In so many ways Fairley makes the most sense with the #1 overall pick. While he doesn't address the abysmal offensive side of the ball, he does add a potential impact player to anchor the defensive line. I'm not sure the Warren Sapp comparisons are warranted quite yet, but from seeing the National Championship game, in addition to seeing Fairley in other performances he does look like he can be an impact player.
As it stands there is no true BPA in this draft with many scouts having AJ Green, Fairley and Bowers with the same grade. Of course, this wont last very long as it's likely the draft will stratify greatly once the pro-days and combine occurs.
For now though, it appears that many think Nick Fairley is the concensus #1 overall pick.

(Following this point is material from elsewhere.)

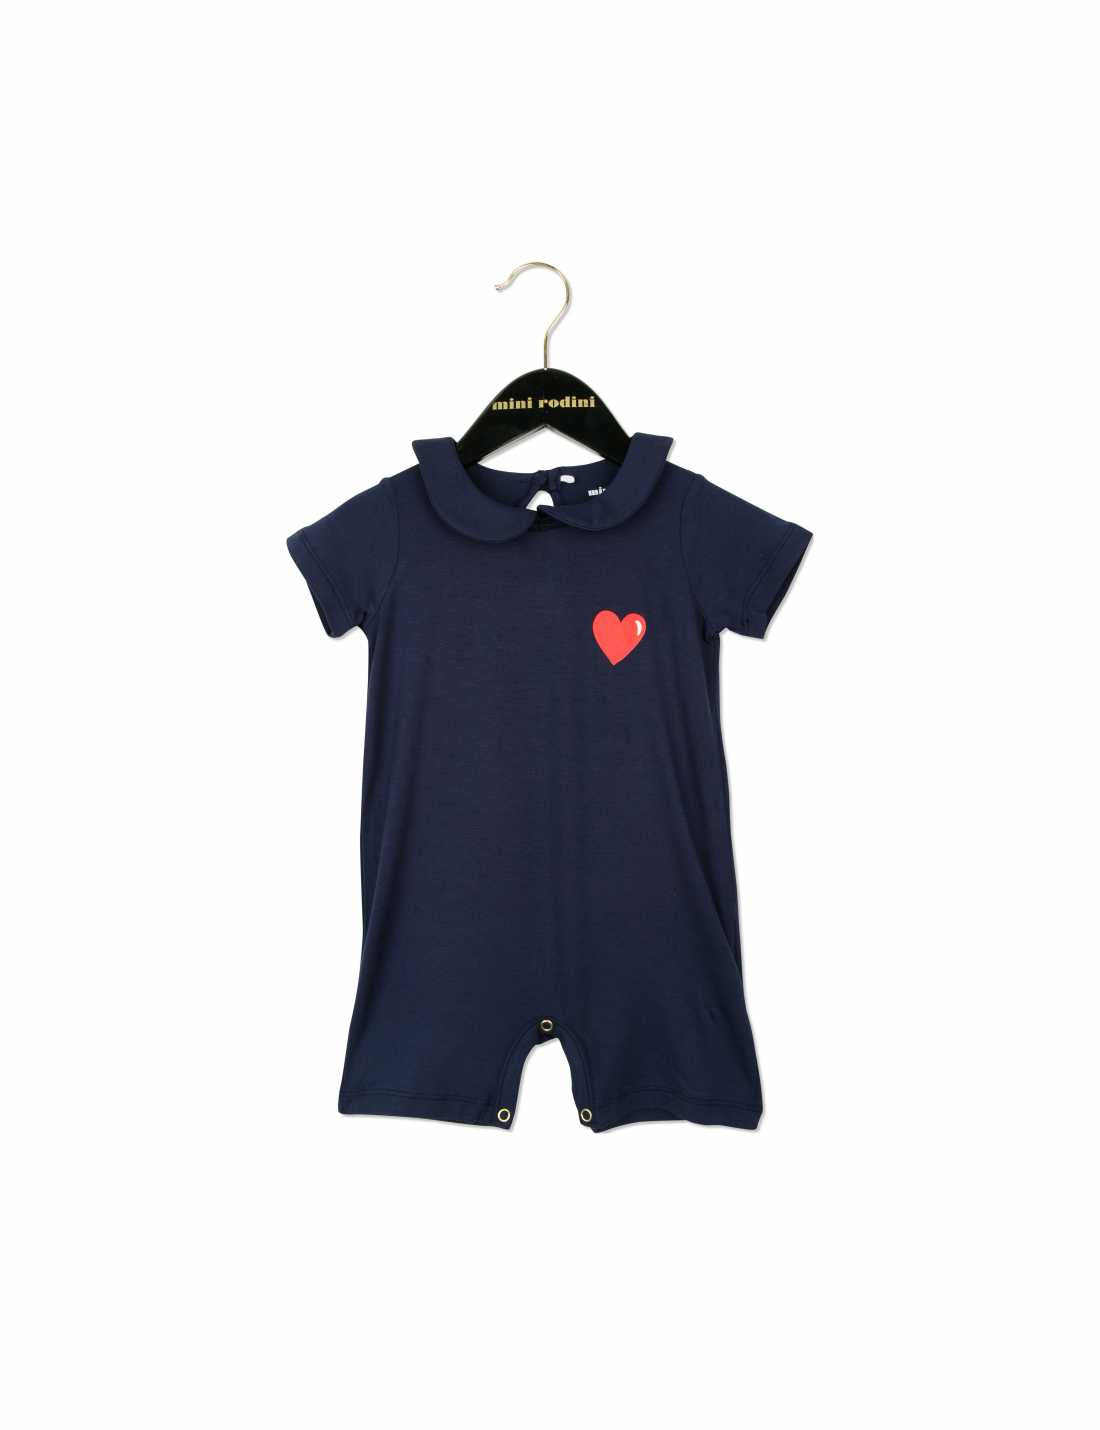 Baby Dark Blue Babygrow With Red Heart Print - CÉMAROSE | Children's Fashion Store - 1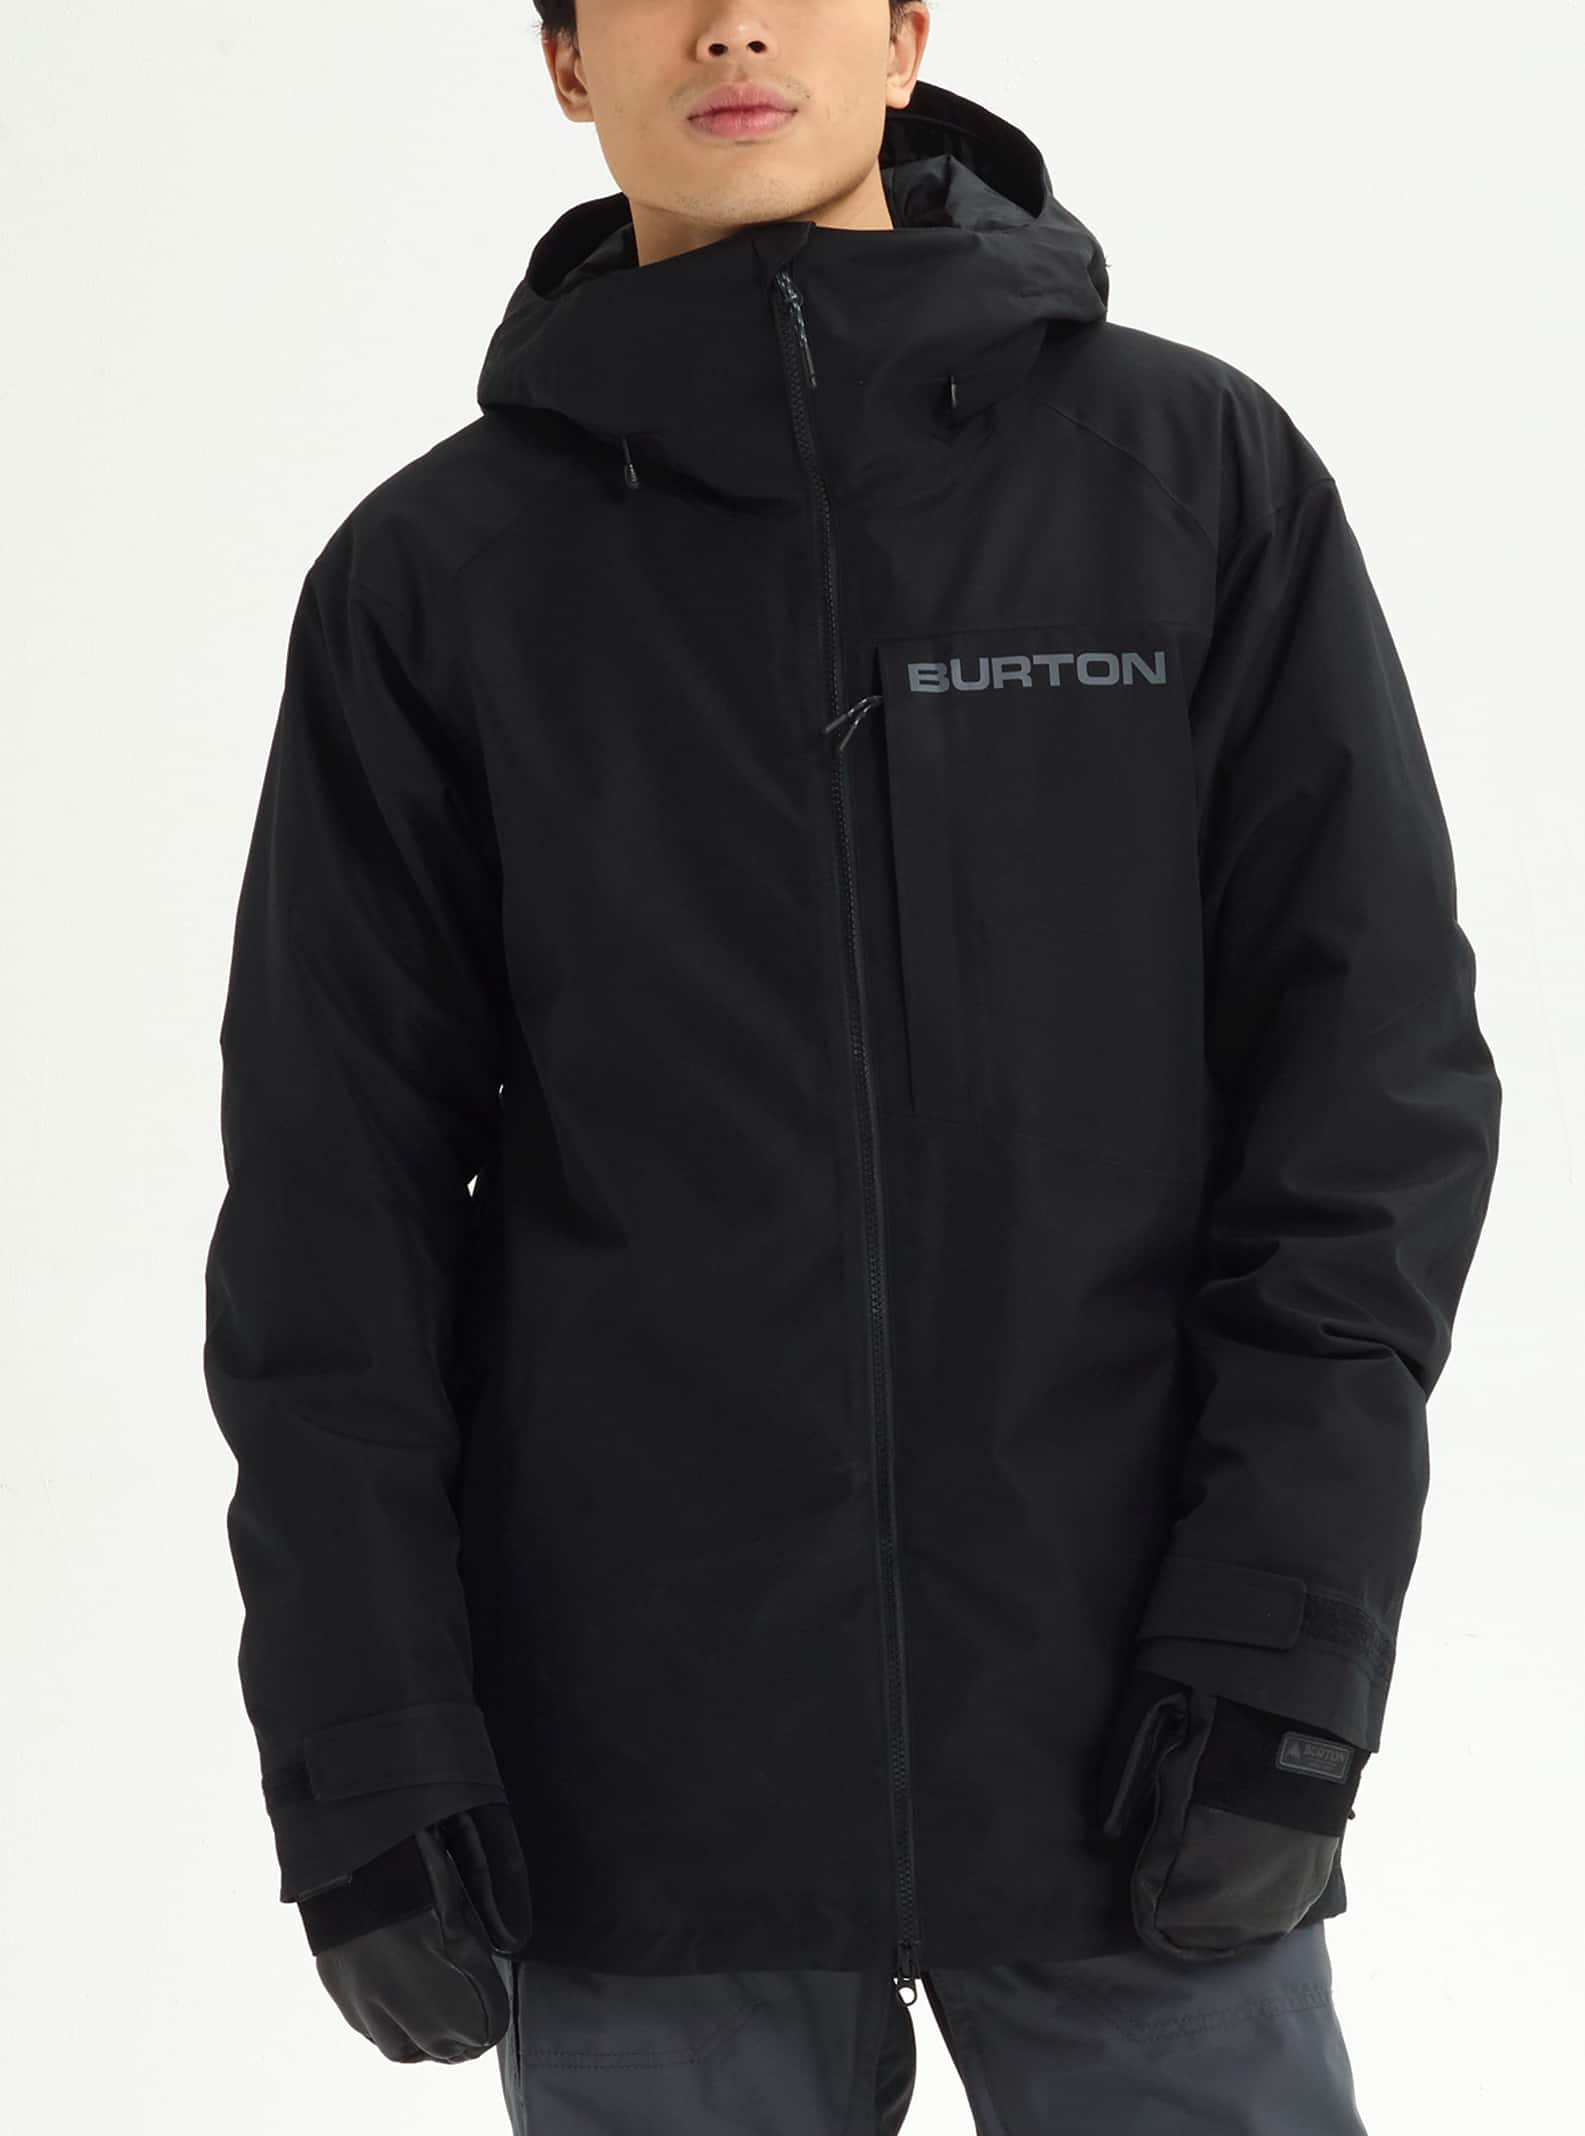 Men's Burton Snowboard Jacket Hot Sale, 58% OFF | www.colegiogamarra.com

YEAR TOT SOLO AST SACK STF STFY FF BK INT YDS AVG LNG TD PD 2009 28 14 14 1 0 0 0 0 0 0 0.0 0 0 0 2010 56 32 24 12 0 0 0 0 1 -1 -1.0 0 0 0
From ESPN here's first few tops in Kiper's V1.0 2011 draft:
The No. 1 overall player on the Big Board, and one who can pay immediate dividends. Fairley isn't just a safe pick because of his excellent burst, violent hand action and ability to effectively penetrate and be a constant nuisance against both the run and pass; he also has the chance to be a dominant player regardless of system. Detroit and Tampa Bay drafted the top defensive tackles at Nos. 2 and 3 last year. Carolina should start earlier in 2011. A slight mean streak in a DT isn't the worst trait. Even Ndamukong Suh showed a bit of one this season.
Denver CB Champ Bailey is a future Hall of Famer, but he's a free agent entering his 13th NFL season and Peterson has the physical skills to be an immediate starter in the secondary and a force in the return game. Denver has enough needs where it could go several directions with this pick, but getting the best size-speed combo in the draft, a guy who can help immediately, is a smart play. Simply an electrifying talent.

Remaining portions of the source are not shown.